### Iterators vs. iterables

we can loop over **iterables**: lists, strings range objects, dictionaries and file connections

> not all iterables are actual lists

The actual definition of an iterable is an object that has an associated iter method. Once this iter method is applied to an iterable, an iterator object is created. 

> a loop takes an iterable, creates the associated iterator object, and iterates over it

An **iterator** is defined as an object that as an associated next method that produces the consecutive values.

> You can been using the `iter()` function to get an iterator object, as well as the `next()` function to retrieve the values one by one from the iterator object.

Once we have the iterator defined, we pass it to the function `next()` and this returns the first value. Calling `next()` again on the iterator returns the next value until there are no values left to return and then it throws us a `StopIteration` error.

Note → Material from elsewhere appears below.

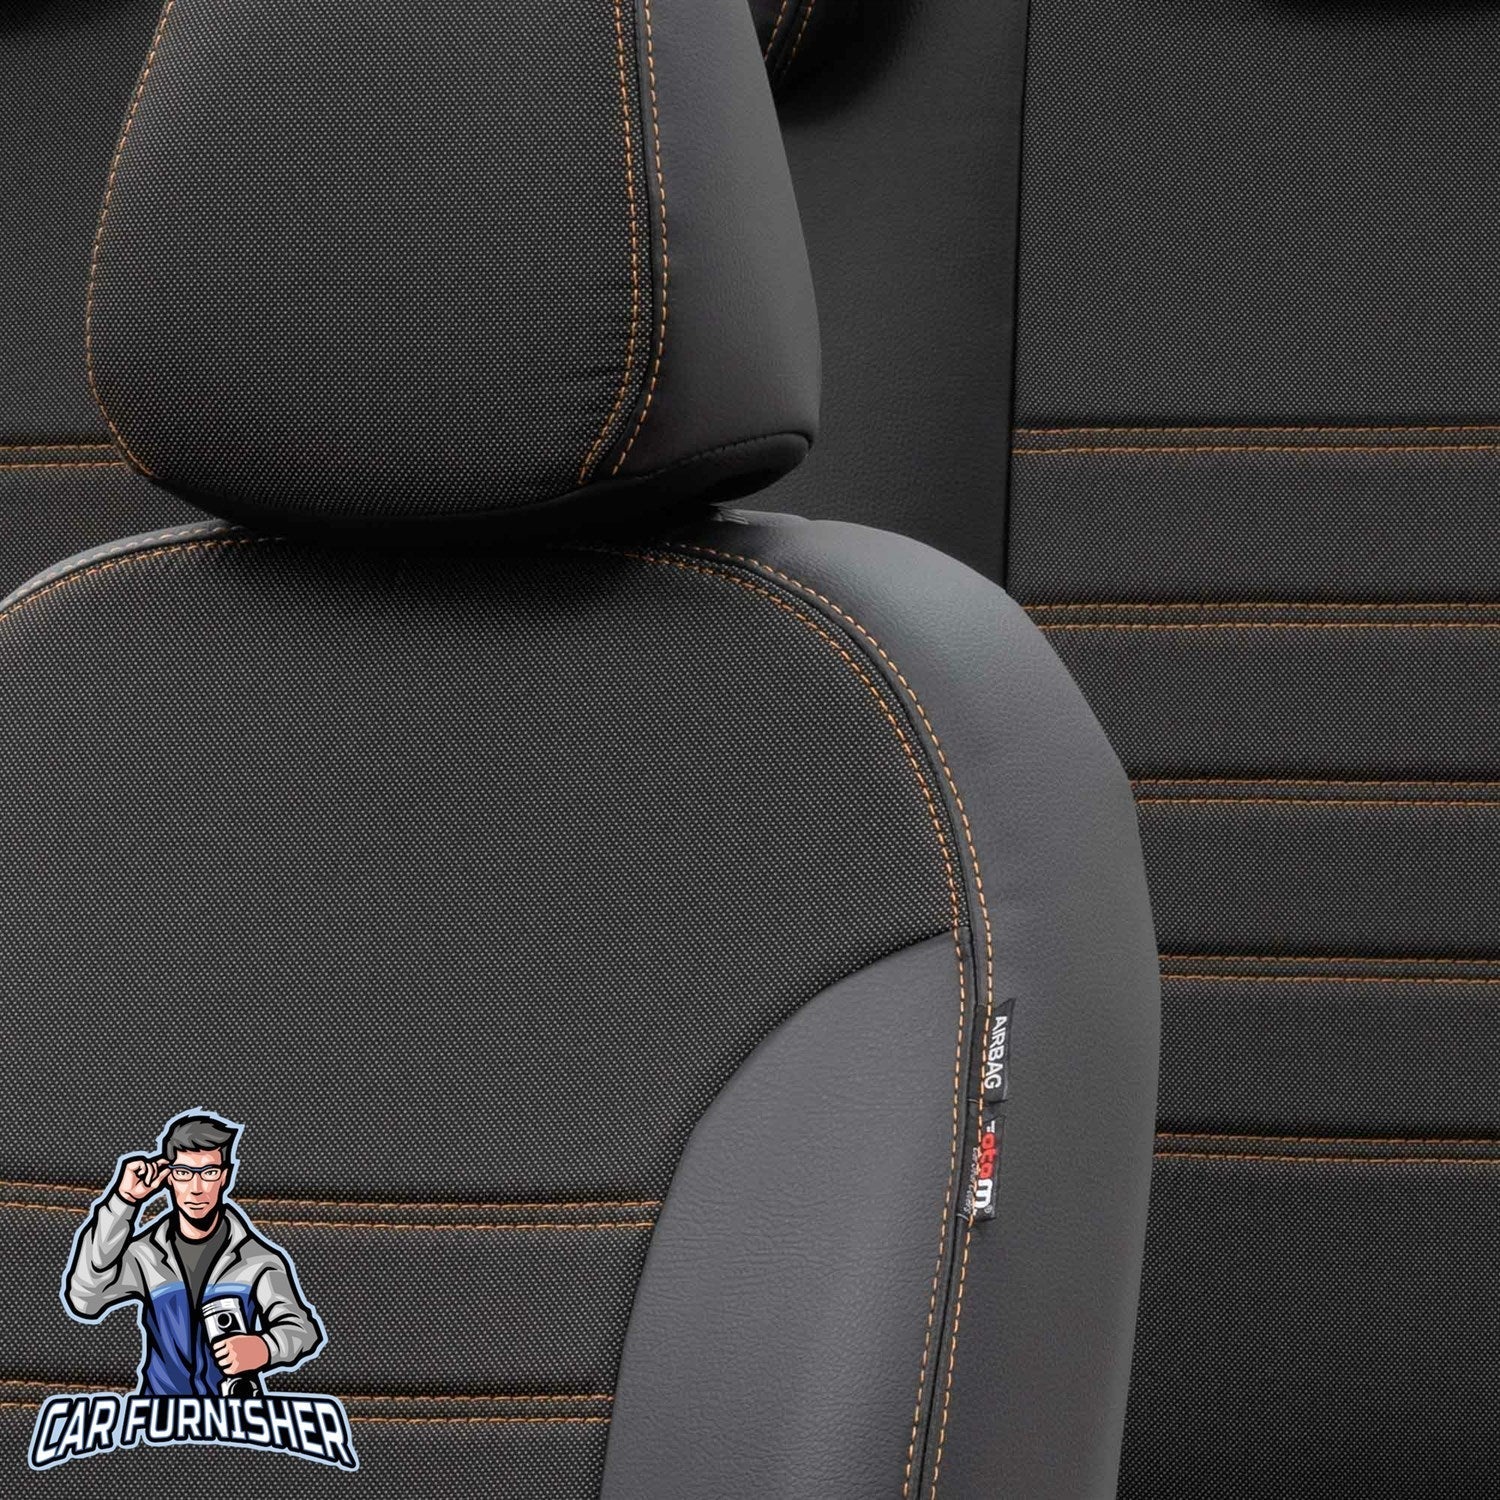 Volvo S90 Seat Cover Paris Leather & Jacquard Design Dark Beige Leather & Jacquard Fabric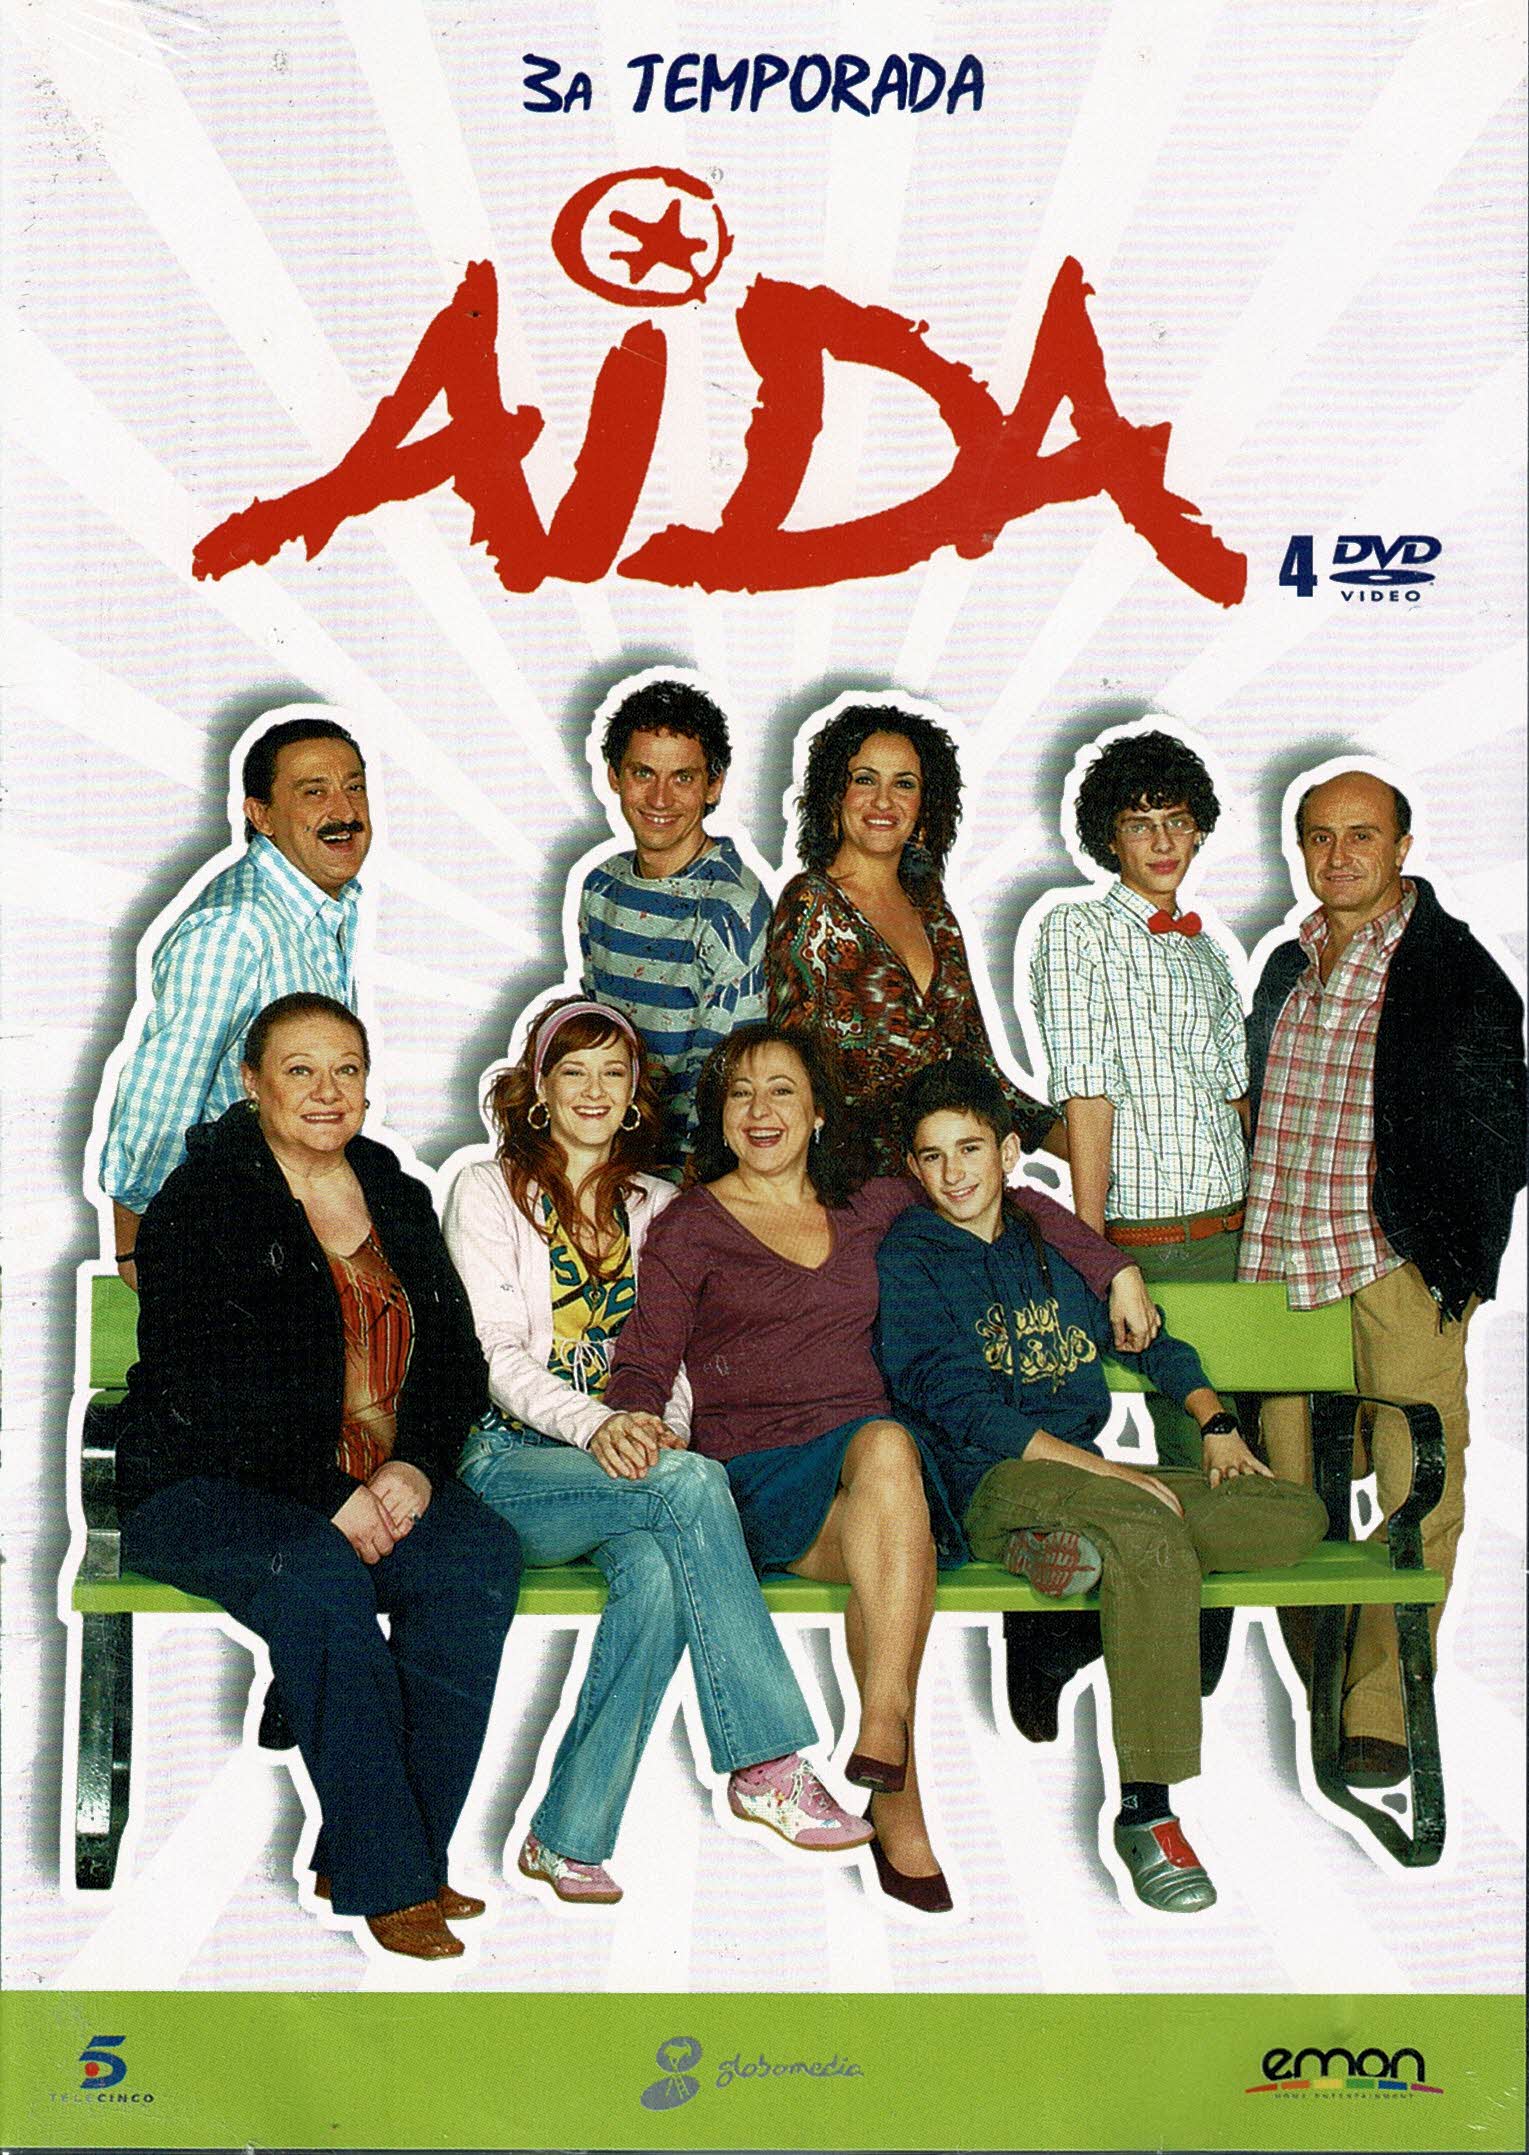 Aida 3ª temporada 4 dvd

> The `star` operator unpacks all elements of an iterator or an iterable.

> To iterate over the key-value pairs of a Python dictionary, we need to unpack them by applying the `items()` method to the dictionary as you can see here.


There are also functions that take iterators and iterables as arguments. For example, the `list()` and `sum()` functions return a list and the sum of elements, respectively.

In [3]:
# Create an iterator for range(3): small_value
small_value = iter(range(3))

# Print the values in small_value
print(next(small_value))
print(next(small_value))
print(next(small_value))


0
1
2


In [4]:

# Loop over range(3) and print the values
for num in range (3):
    print(num)


0
1
2


In [5]:

# Create an iterator for range(10 ** 100): googol
googol = iter(range(10**100))

# Print the first 5 values from googol
print(next(googol))
print(next(googol))
print(next(googol))
print(next(googol))
print(next(googol)) 

0
1
2
3
4


In [6]:
# Create a range object: values
values = range(10,21)

# Print the range object
print(values)

# Create a list of integers: values_list
values_list = list(values)

# Print values_list
print(values_list)

# Get the sum of values: values_sum
values_sum = sum(values)

# Print values_sum
print(values_sum)

range(10, 21)
[10, 11, 12, 13, 14, 15, 16, 17, 18, 19, 20]
165


In [7]:
# Create a list of strings: mutants
mutants = ['charles xavier', 
            'bobby drake', 
            'kurt wagner', 
            'max eisenhardt', 
            'kitty pryde']

# Create a list of tuples: mutant_list
mutant_list = list(enumerate(mutants))

# Print the list of tuples
print(mutant_list)

# Unpack and print the tuple pairs
for index1, value1 in enumerate(mutants):
    print(index1, value1)

# Change the start index
for index2, value2 in enumerate(mutants, start=1):
    print(index2, value2)

[(0, 'charles xavier'), (1, 'bobby drake'), (2, 'kurt wagner'), (3, 'max eisenhardt'), (4, 'kitty pryde')]
0 charles xavier
1 bobby drake
2 kurt wagner
3 max eisenhardt
4 kitty pryde
1 charles xavier
2 bobby drake
3 kurt wagner
4 max eisenhardt
5 kitty pryde


`zip()` takes any number of iterables and returns a zip object that is an iterator of tuples. 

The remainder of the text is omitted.